We often have unrealistic expectations for how long something may take us. Simply putting together a plan may right-size our expectations so that we can avoid the inevitable garden burnout that comes from doing too much.

2) Let go of perfection

Speaking of unrealistic expectations – let’s talk about perfectionism. No doubt you have heard the quote from the late Winston Churchill, “Perfectionism is the enemy of progress”. And those words could not be more true in the garden. 

I’ll let you in on a secret – great gardens will never attain perfection. There will always be weeds, pests, disease and death. Your garden is a living breathing life force with a mind and intention of its own. You alone are not calling the shots. Whenever I start to feel garden burnout, I realize that I am disappointed that my garden is not fitting in the perfect image I have in my head. And that disappointment steals my enjoyment of the garden in its imperfect beauty.

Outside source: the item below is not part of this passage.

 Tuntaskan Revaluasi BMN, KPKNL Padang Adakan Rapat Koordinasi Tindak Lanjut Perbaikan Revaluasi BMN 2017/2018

I’d like to invite you in on a practice I have recently started. Whenever you invite someone into your garden – refrain from pointing out everything that isn’t done yet. Don’t point out the weeds you haven’t pulled, or the mulch you still need to spread, or explain away the bare spot in your garden. Accept the compliments when they are given without diminishing the beauty that others witness. Your garden is beautiful – no matter how unfinished it may be.

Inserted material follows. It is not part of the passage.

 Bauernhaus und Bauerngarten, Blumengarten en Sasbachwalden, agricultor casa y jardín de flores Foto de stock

3) Develop a practice that allows you to “be” in the garden – not “do”

Gardens are a lot of work – there is no arguing that fact. But gardens are more than work. They fulfill a deeper part of ourselves that wishes to commune with nature. To watch food grow from seed to harvest. To tune into the changes of the season. To witness the beauty of a plant’s life cycle. 

Whenever you start to feel garden burnout, I’d like you to think about your “why” for gardening. What motivated you to start? How did you envision your days? How did you see yourself enjoy the fruits of your labor? Turn those things into a practice or a ritual – and prioritize it just as intensely as you prioritize the garden work.

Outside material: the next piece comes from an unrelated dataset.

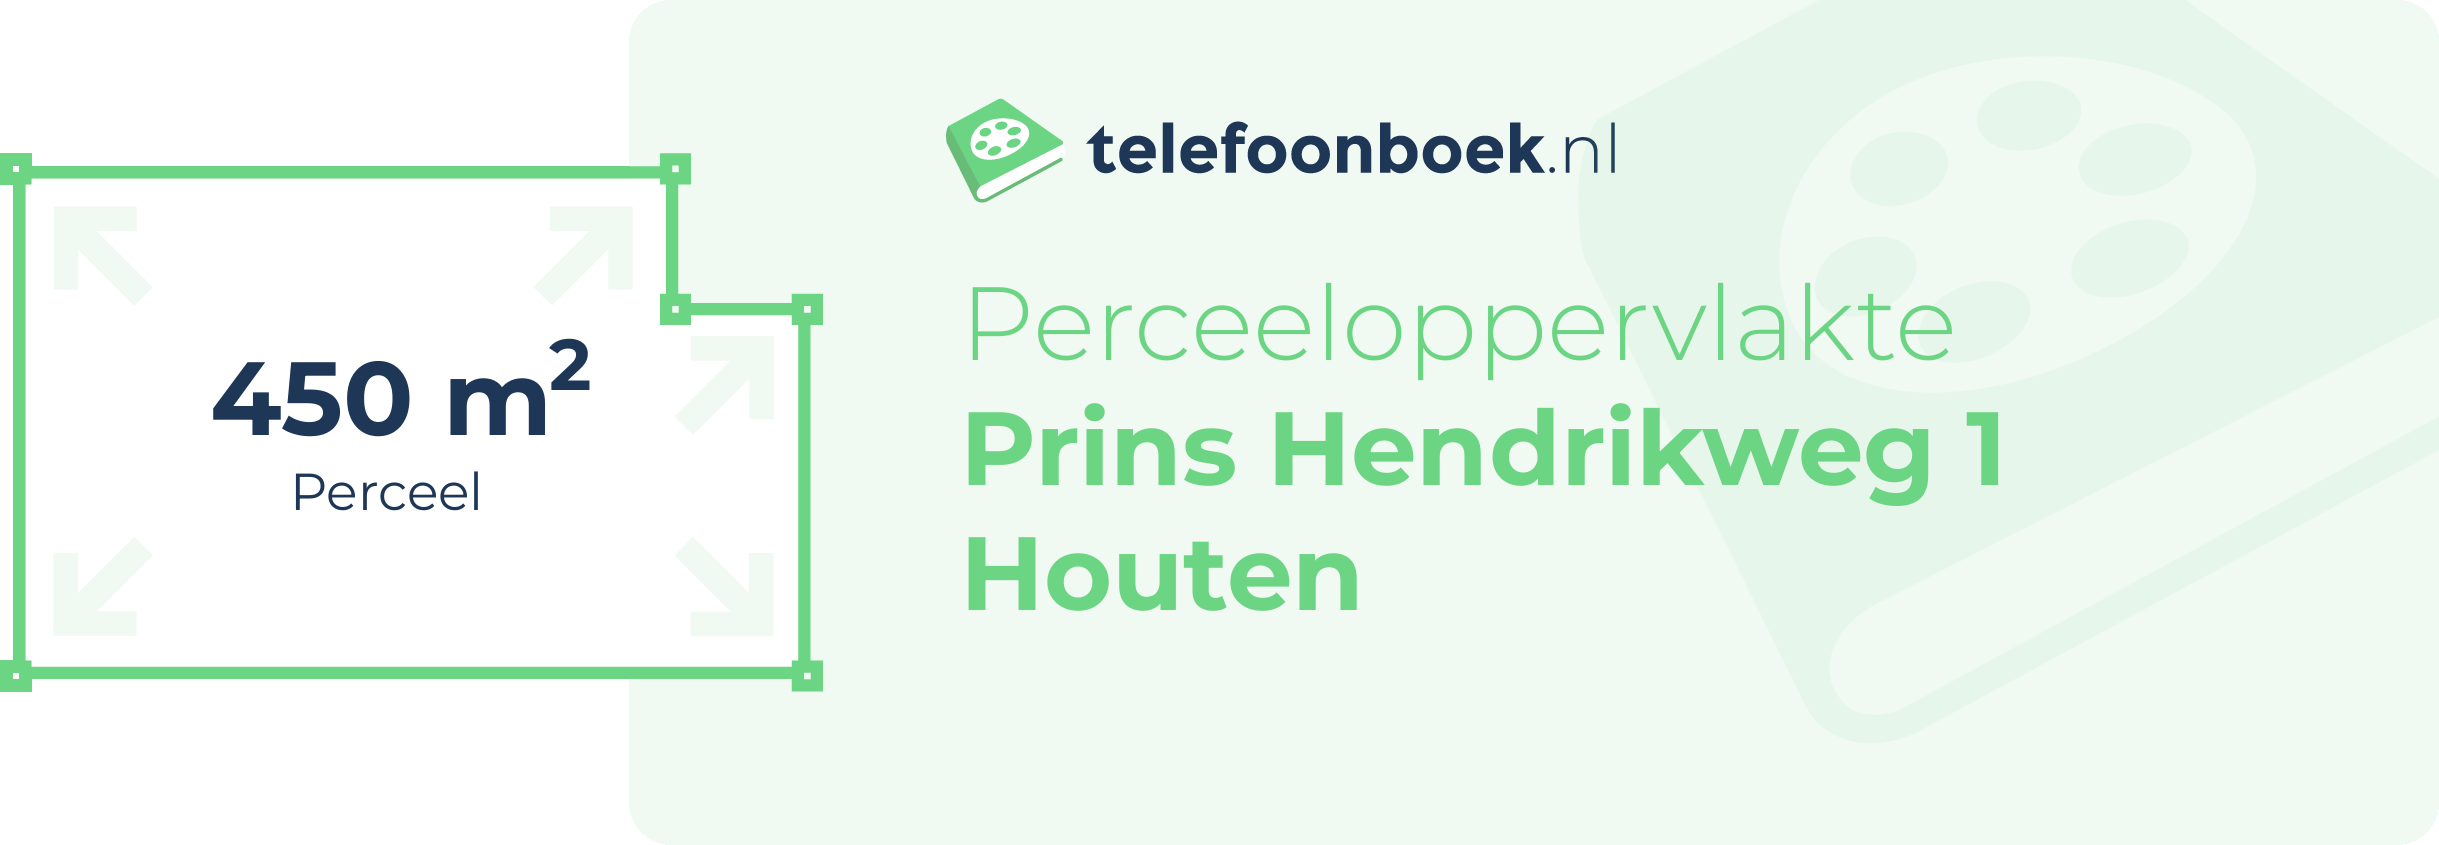 Perceeloppervlakte Prins Hendrikweg 1 Houten

For me, I like to spend at least 30 minutes every morning sitting in my garden and writing in my journal. This is a daily practice for me that allows me to listen to the birds sing and watch as the sun first hits my garden. I make it a point to not think of any of the things on my To Do List. Remember, we wrote those things down so we are not overwhelmed by them in our daily lives.

Here are some other ways I love to “be” in the garden:

  • Bird watching
  • Pollinator watching
  • Reading a book
  • Napping in a hammock
  • Watercolor painting
  • Photographing whatever moves me
  • Inviting friends over for a garden dinner party
Avoid Garden Burnout

4) Get away from the garden

Let’s face it – no matter how much we love something, we must find time away from it. This can be difficult to remember when you are right in the middle of a time sensitive project. Or when your To Do list feels too daunting to walk away from. But without time away, you will inevitably develop garden burnout, which can look like a lack of motivation and creativity.

Studies have shown that taking breaks can help prevent “decision fatigue” as well as increase our motivation, productivity and creativity. No matter how powerful our brains and bodies may be, they need rest and diversity to perform well. It’s no accident that the best ideas come to us while in the shower or brushing our teeth. We need time away from our To Do’s in order to experience joy and find inspiration outside of our work.

Avoid Garden Burnout

When I say get away from the garden – I mean get away from gardens in general! It’s far too easy to visit another garden and start to compare yours or to add to your To Do list. Find a different setting that brings you joy. Perhaps a museum, a bookstore, the beach, the mountains, have a picnic in a park, or go paddle boarding with friends. Find something that brings you joy in a new environment and let the garden go. I promise it will still be there when you get back.

Happy gardening, dear friend. Take care of yourself, just as preciously as you do your garden.